De acordo com pesquisas recentes, dois terços das mulheres encaram dietas malucas antes de um feriado – e o resultado costuma ser frustrante. Mas tem de ser dessa maneira? Não para a nutricionista inglesa Fiona Kirk. Ela acredita que duas semanas sejam suficientes para perder peso e entrar no vestido de Natal ou até mesmo no biquíni.

Fiona não prega dietas radicais, nem privações. Seu plano tem como objetivo mudar hábitos alimentares.

“Se realmente queremos perder peso e ver bons resultados, podemos mudar alguns hábitos em poucas semanas”, diz a especialista em seu livro "2 weeks in Fast Lane Diet", lançado na Inglaterra.

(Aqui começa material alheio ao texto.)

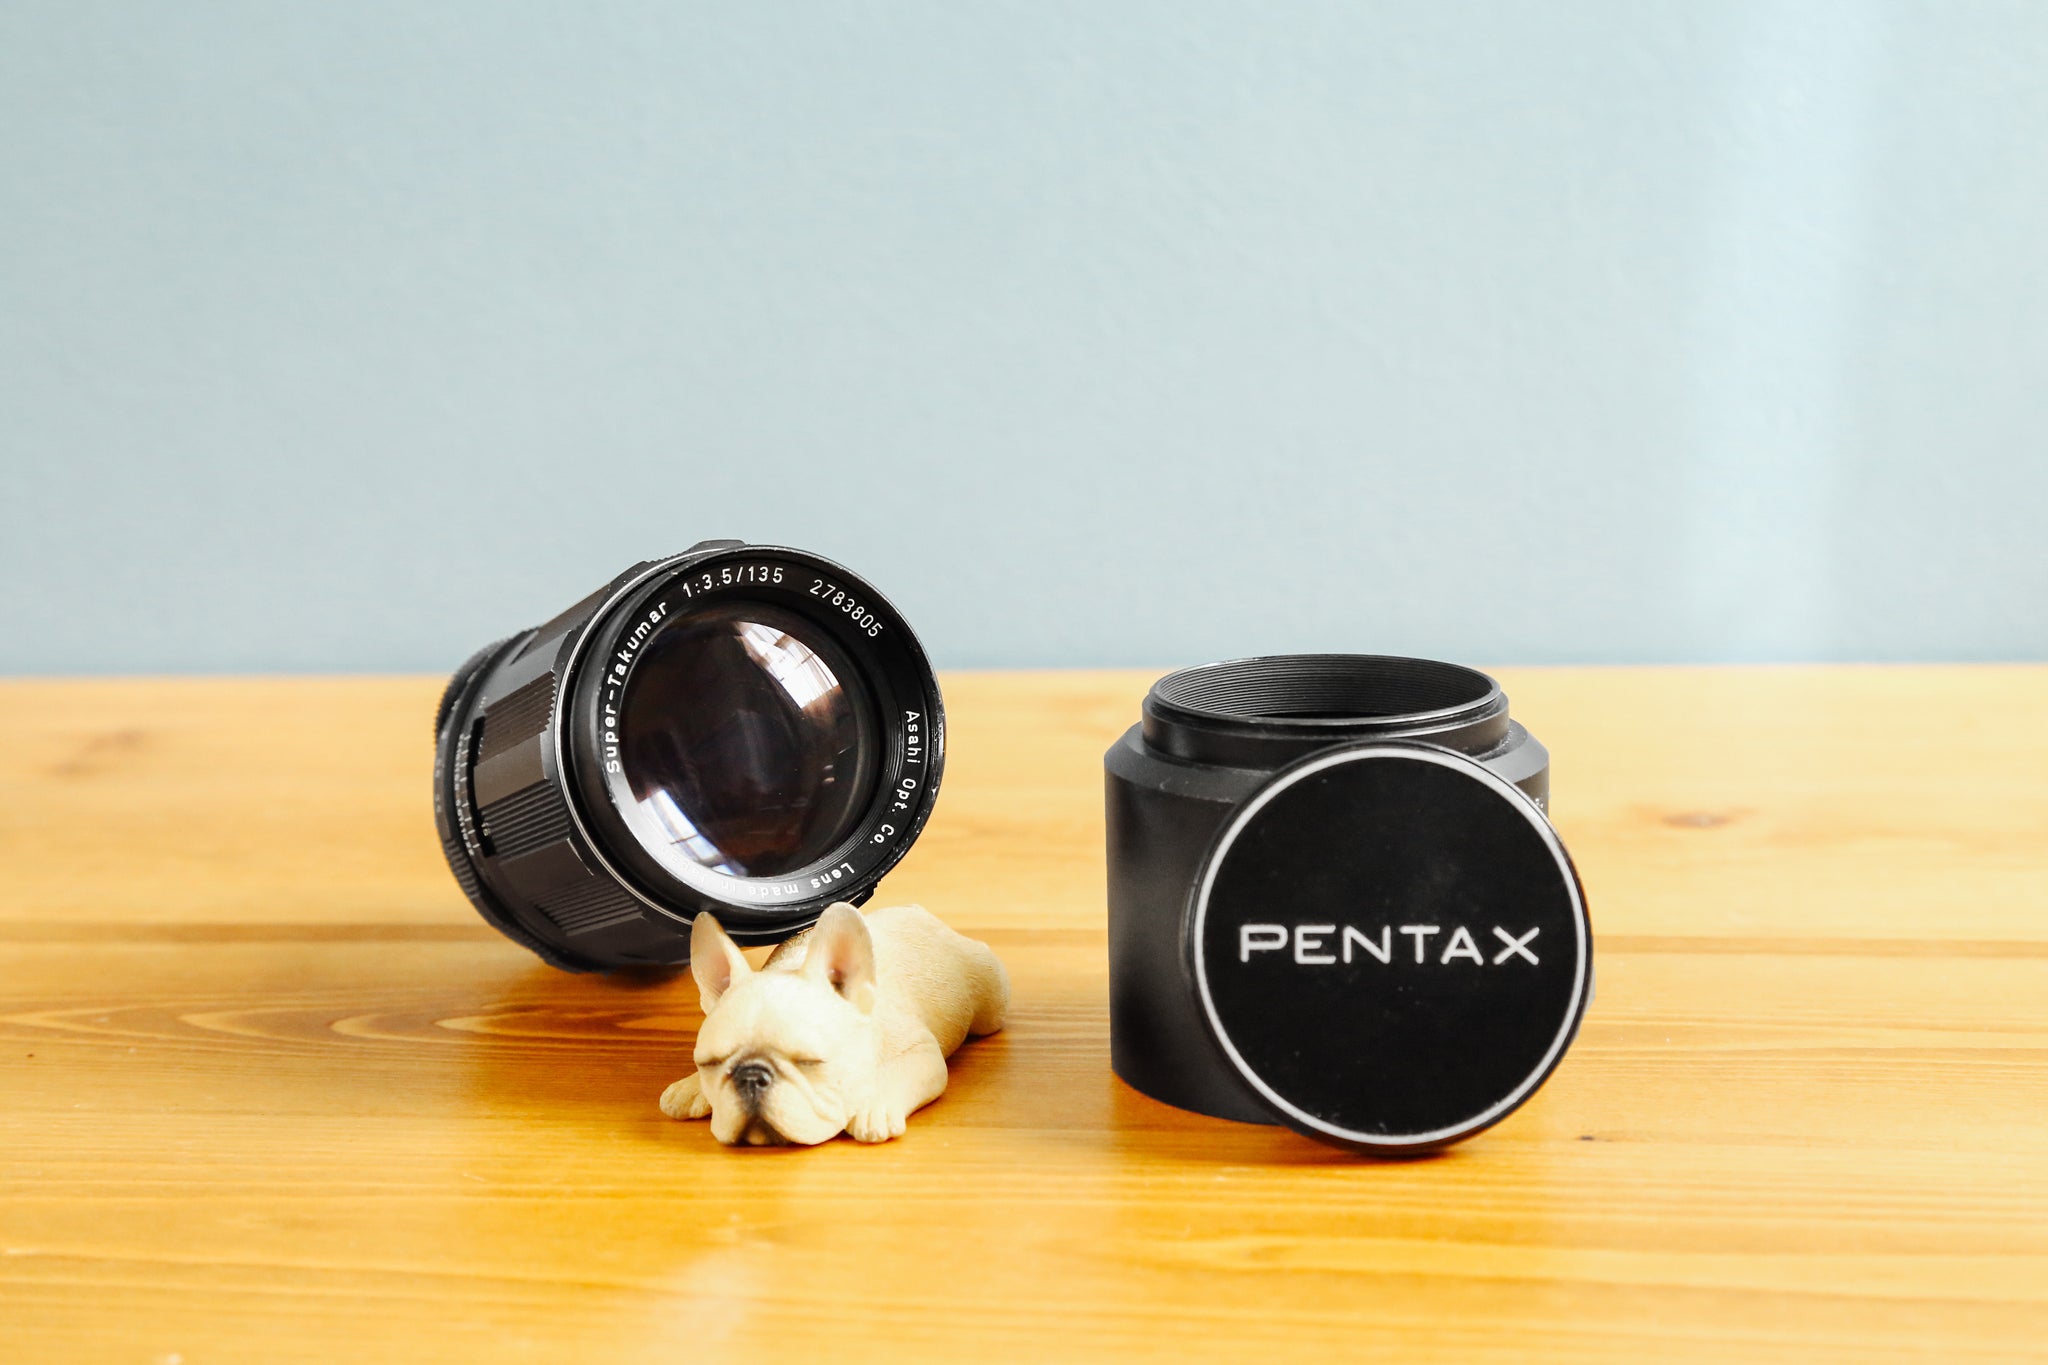 PENTAX SPF 明るい単焦点と望遠レンズセット！【動作品】 – Ein Camera

A nutricionista Aline Queiros, do Spa Med Sorocaba Campus, em São Paulo, segue a mesma linha.

“É possível alterar hábitos em poucas semanas e sentir os benefícios que uma boa alimentação pode trazer ao organismo. E, com certeza, o verão motiva as pessoas para essa busca”, diz.

Segundo ela é possível emagrecer em pouco tempo. “A quantidade de quilos varia de pessoa para pessoa, mas duas semanas levadas a sério já são suficientes para notar alguma diferença”.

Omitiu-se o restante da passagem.